Tutorial: Hollow Profile Extrusion

Set up and complete a hollow profile extrusion analysis and post-process the data.

Model contains madrel and die cap. Two hollow profiles are being extruded through this die assembly. Data files are available in the tutorial_models folder in the installation directory in Program Files\Altair\2024\InspireExtrudeMetal2024\tutorial_models\extrudemetal\tutorial-2\.

Note: Units are set to MPA (mm t N s) by default.

Import and Orient Die Solids

  1. Click Start and search for Inspire Extrude, or double-click and launch Inspire Extrude from the shortcut on your desktop.
  2. Click File > New to start a new session.
  3. Drag the model files, SciBench2011_die.x_t and SciBench2011_mand.x_t, into Inspire Extrude to import the die geometry.
  4. Click the Extrusion ribbon.
  5. Click the Orient tool to position the model.

    The die should be oriented such that the profile is coming out in the +Z direction.
    The center of the die face touching the billet is at X=0, Y=0, and Z=0

  6. Click the exit face of the die assembly to orient the model.

The orient context is enabled.

Extract Flow Volume

  1. Click the Flow Volume icon to extract flow volume inside of the die cavity.

  2. Click and hold left mouse button while you drag a box around all the die solids as shown.

  3. Release left mouse button to extract flow volume automatically.

Combine Flow Volume

  1. Hold CTRL and click on each flow solid as shown.

  2. Right-click on either selected solid and click Organize As > FlowVolume.

The two separate Flow Volume pieces are now part of the same FlowVolume piece.

Extract Bearing Region

  1. Zoom in to the region where bearing starts.
  2. Click the Bearing icon.

  3. Select the bearing start surface.

Program will automatically scan the geometry and discard the relief region and create bearing and profile solids.
Note: Once the bearing is extracted, you will be prompted to specify lengths for bearing and profile solids.

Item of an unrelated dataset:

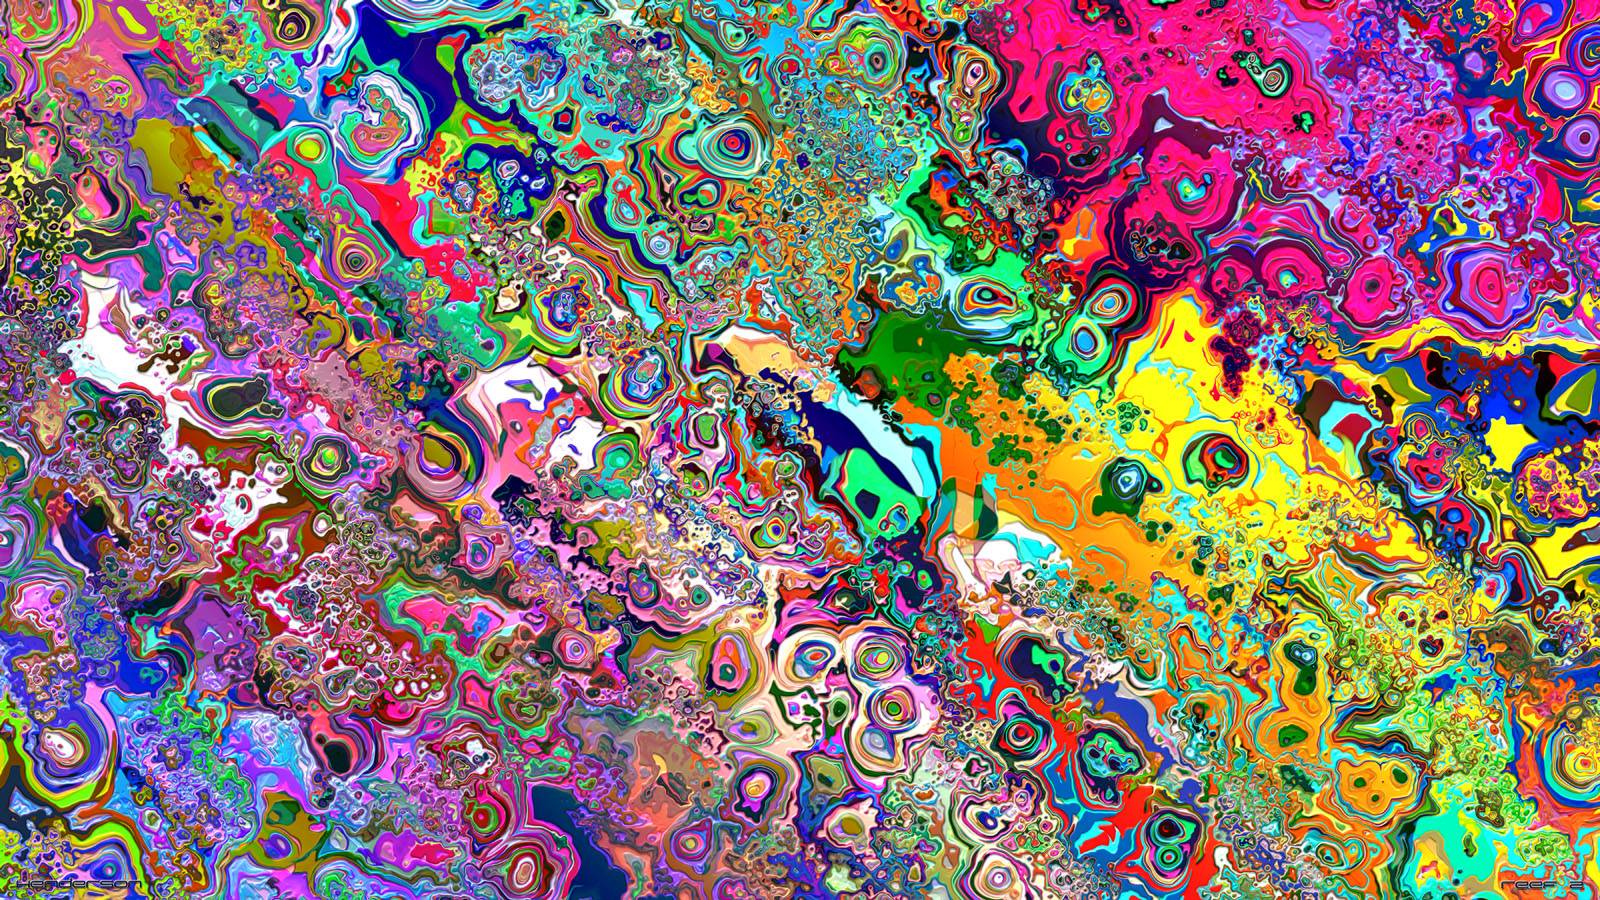 78+ Trippy Backgrounds For Twitter on WallpaperSafari

You can keep the default value and proceed. Profile region is 3 to 5 times the bearing region.

Note: Profile is included in the model to capture how the profile deflects.

Organize Flow Volume

  1. Click the Organize Volumes based on Length Icon.

  2. A micro dialogue will pop up, where you must enter the following measurements:

  3. Press OK to close the window.
Inspire Extrude will cut the flow volume length based on the component lengths specified and organize them into their respective components automatically.

Create the Billet

  1. Click the Create Billet icon.

  2. In the small window that pops up, specify the below billet dimensions and press Enter.

    Note: Leave the Skin thickness checkbox unchecked.
  3. Press Esc to exit this panel.
The billet is created according to the specified dimensions. The computation begins with an upset billet, thus the billet is created with upset length based on container diameter.

Select the Material

  1. Click the Materials icon.

  2. Drill down to the respective alloy Aluminum_Alloys > 6000_Series > AA6063

  3. Right-click on the alloy name and click Select.

    The chosen alloy is now added to the Selected Materials window.
    Note: To deselect a material in the Selected Materials window, right-click and click Deselect.

  4. Click OK to close the Material Database.
  5. Click File > Save As to save the model at the desired location.
    Note: It is recommended that you always save the model file in a newly created folder to avoid conflict with older/existing model files.

Specify Process Parameters and Simulate

  1. Click theSubmit job for analysis icon to run the simulation.

  2. In the Analysis Parameters window that pops up, enter values as shown.

  3. Click the Run button.
On successful launch of the run, you can monitor the status of the simulation.
Status after submitting the job

Status after meshing is completed

Status when job is running in the solver

View Simulation Results

Click the various Result Types to change the analysis output. This data provides a detailed understanding of how material deforms and flows during extrusion. Using this data, we can detect flow imbalances at the die exit. Understanding the material flow in die regions such as portholes and pockets helps in redesigning to improve the performance of the die.
  1. Select Pressure under Result Types.

    The pressure at the ram end provides the extrusion force required to push the billet. This data also provides information on the resulting extrusion loads on the die surfaces, and can be used to predict tool deflection.

  2. Select Temperature under Result Types.

    Understanding temperature distribution is the key to successful extrusion. Flow stress of a material is a strong function of temperature and strain rate. In addition, key material characteristics such as grain size depend on temperature. Temperature data is used to determine where excessive heating occurs in the die due to stress work. Temperature distribution in the profile region is used to determine the surface quality and other material characteristics.
    In the case of hollow profiles, the solver calculates seam weld location and strength.